_TASK DIRECTIONS_: These records contain pictures, which must be left out; copy exactly the lines from the one with "Cold Beers Cares" up to and including the one with "Johnny Bower &".

_SOURCE DATA_:
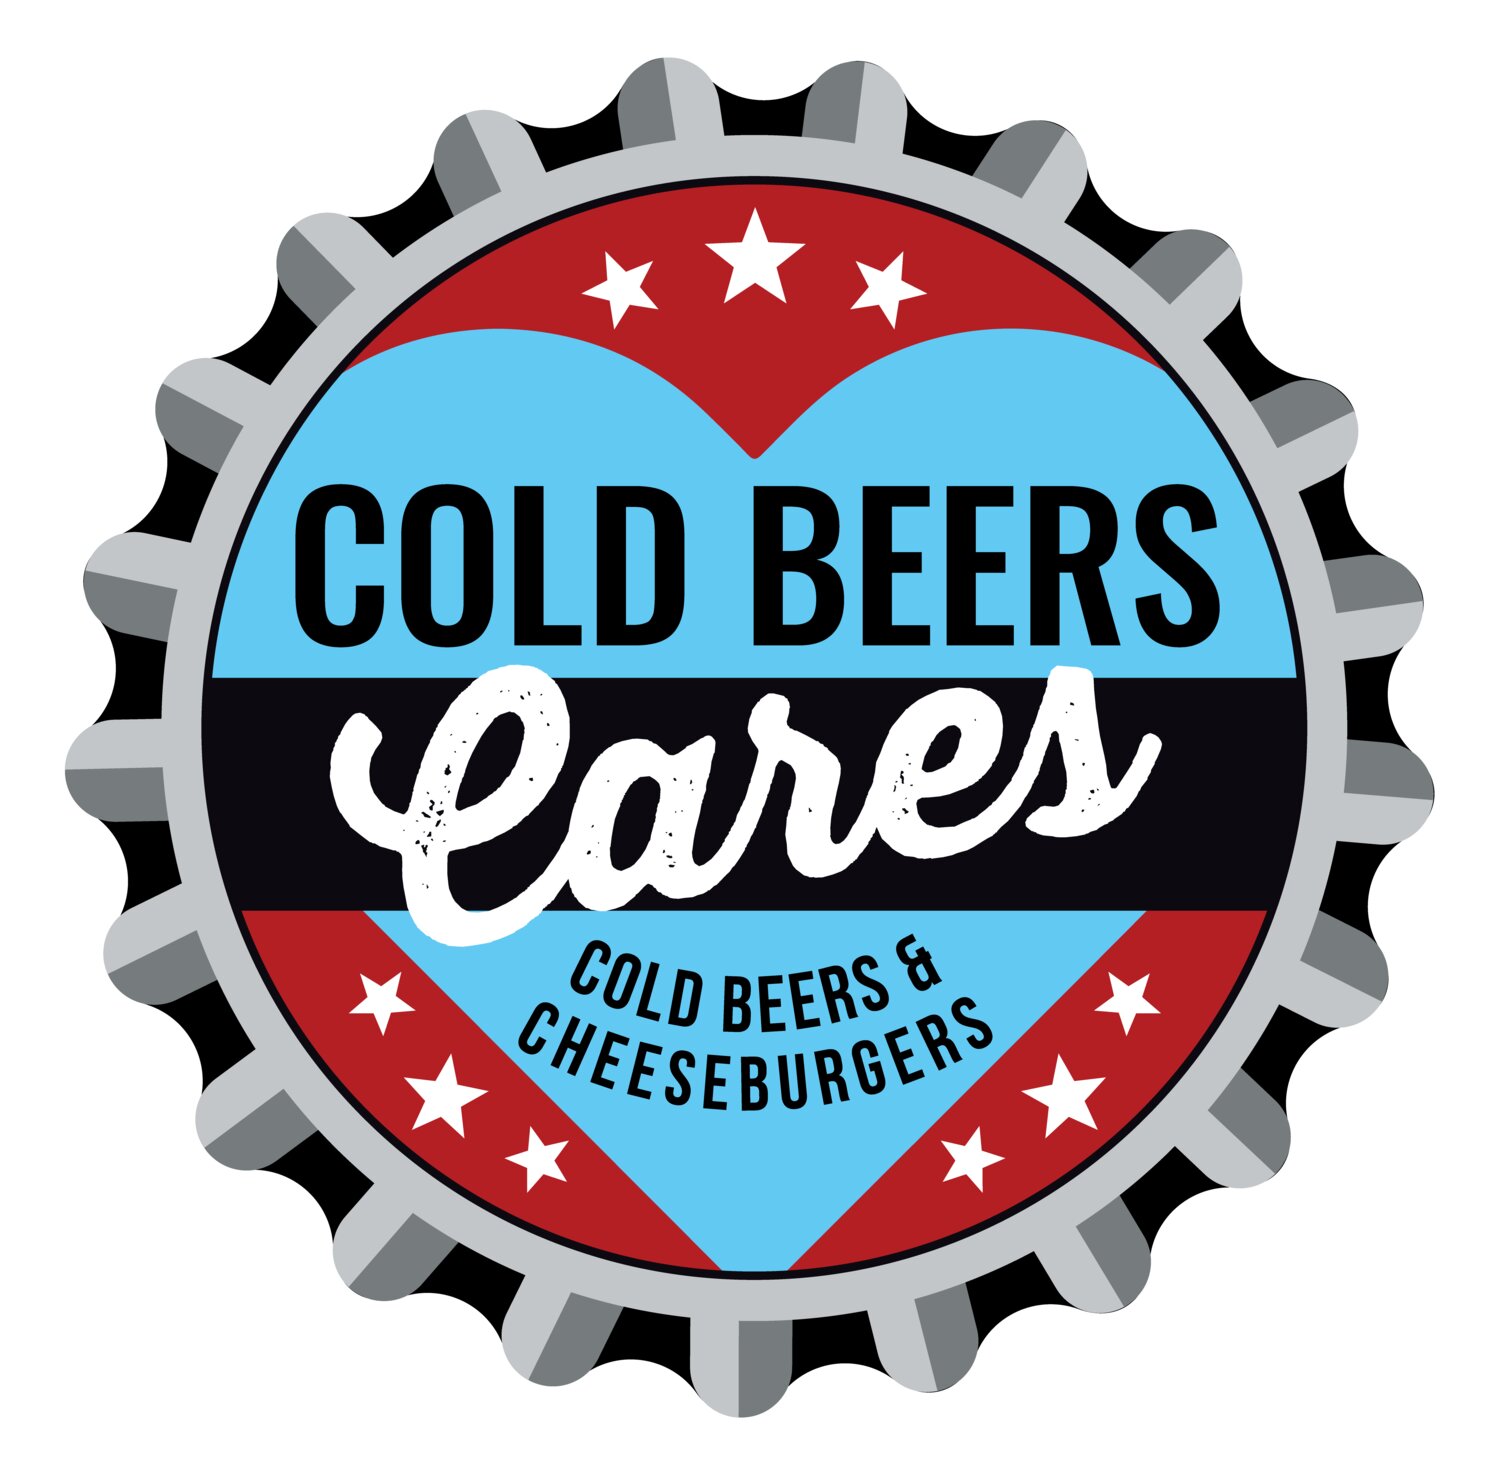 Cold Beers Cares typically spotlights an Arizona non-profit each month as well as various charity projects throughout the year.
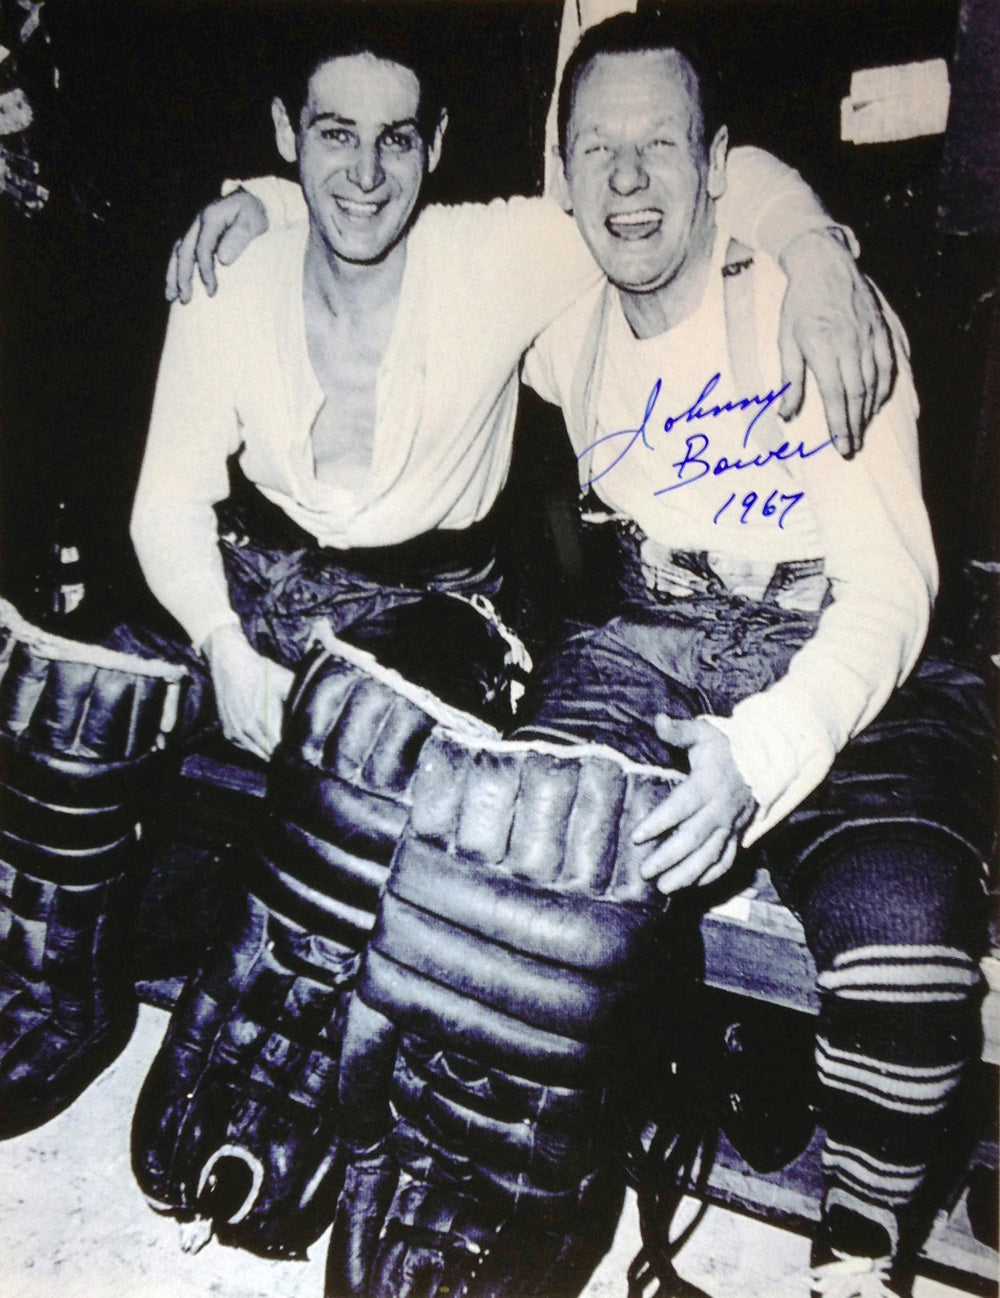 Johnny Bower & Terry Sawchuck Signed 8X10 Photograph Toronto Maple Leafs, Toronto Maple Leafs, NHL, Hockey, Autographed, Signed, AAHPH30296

---

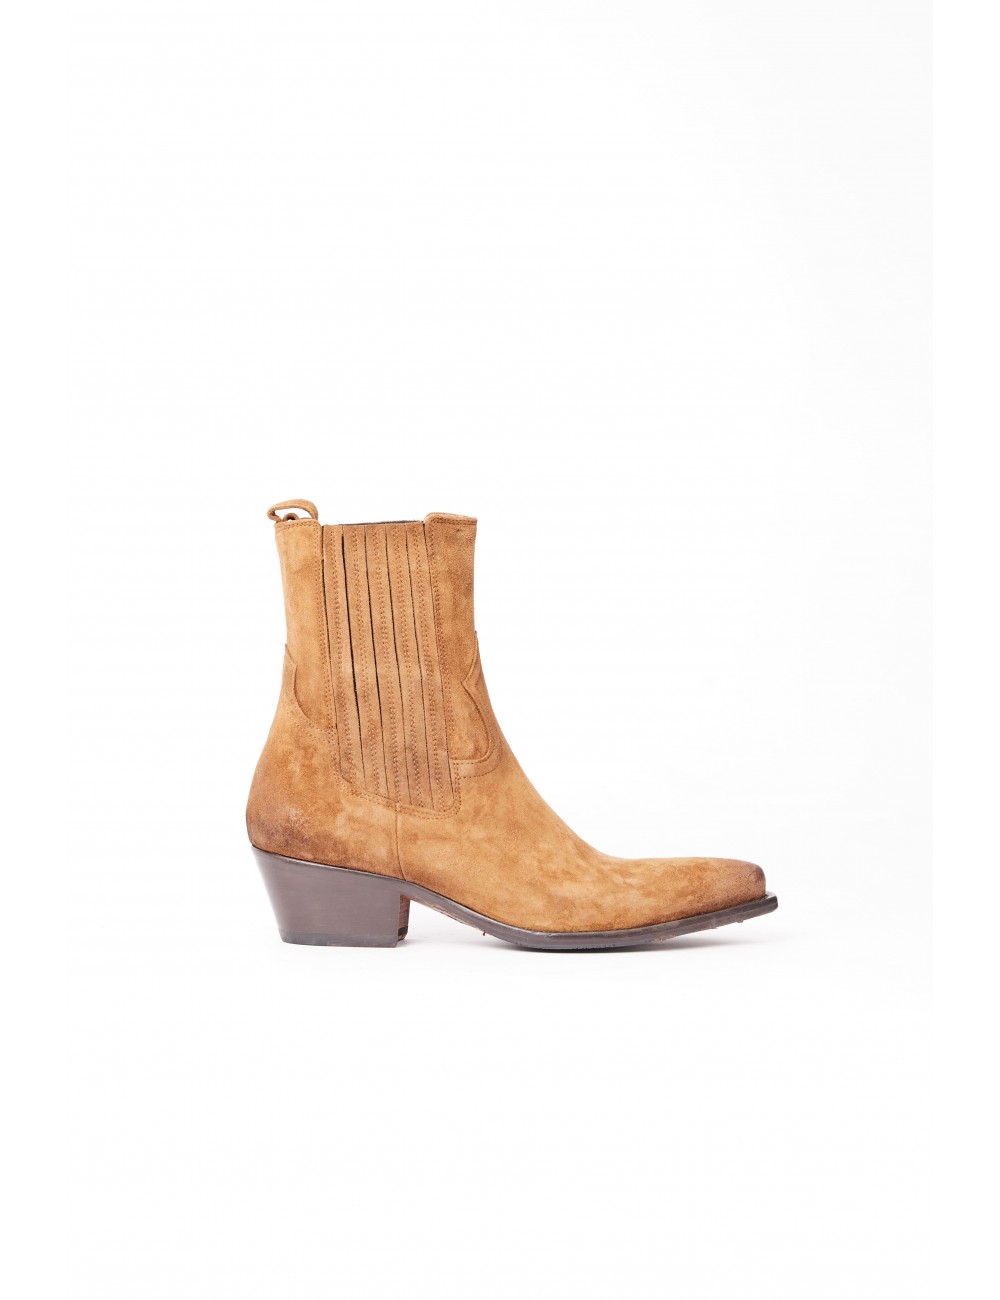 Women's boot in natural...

---

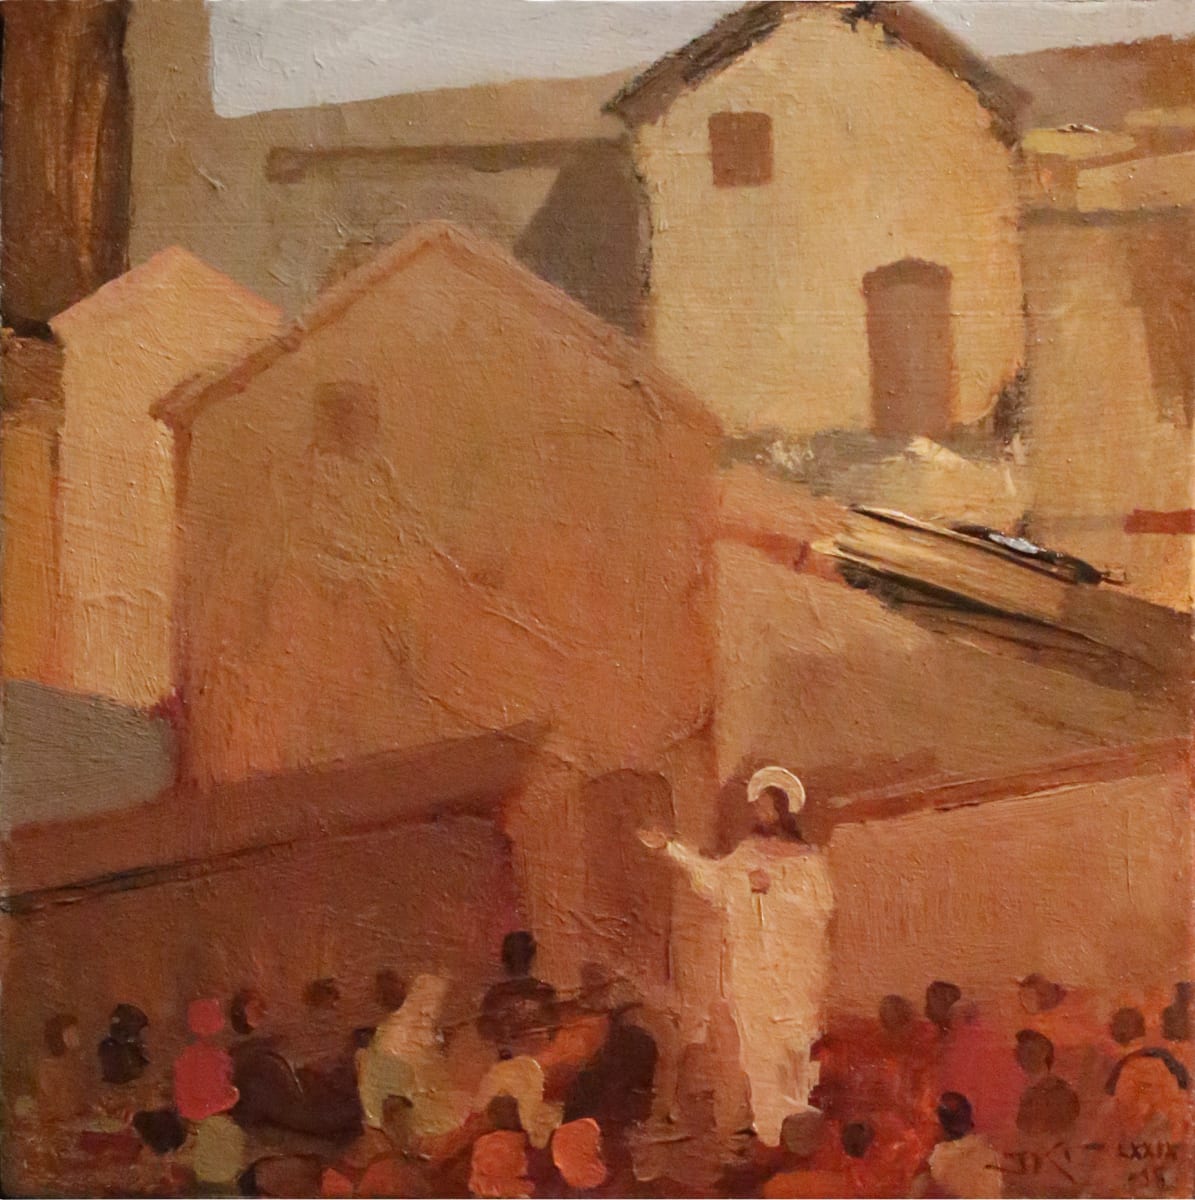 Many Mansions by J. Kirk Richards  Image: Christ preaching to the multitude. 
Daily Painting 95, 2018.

_YOUR RESPONSE_:
 Cold Beers Cares typically spotlights an Arizona non-profit each month as well as various charity projects throughout the year.
 Johnny Bower & Terry Sawchuck Signed 8X10 Photograph Toronto Maple Leafs, Toronto Maple Leafs, NHL, Hockey, Autographed, Signed, AAHPH30296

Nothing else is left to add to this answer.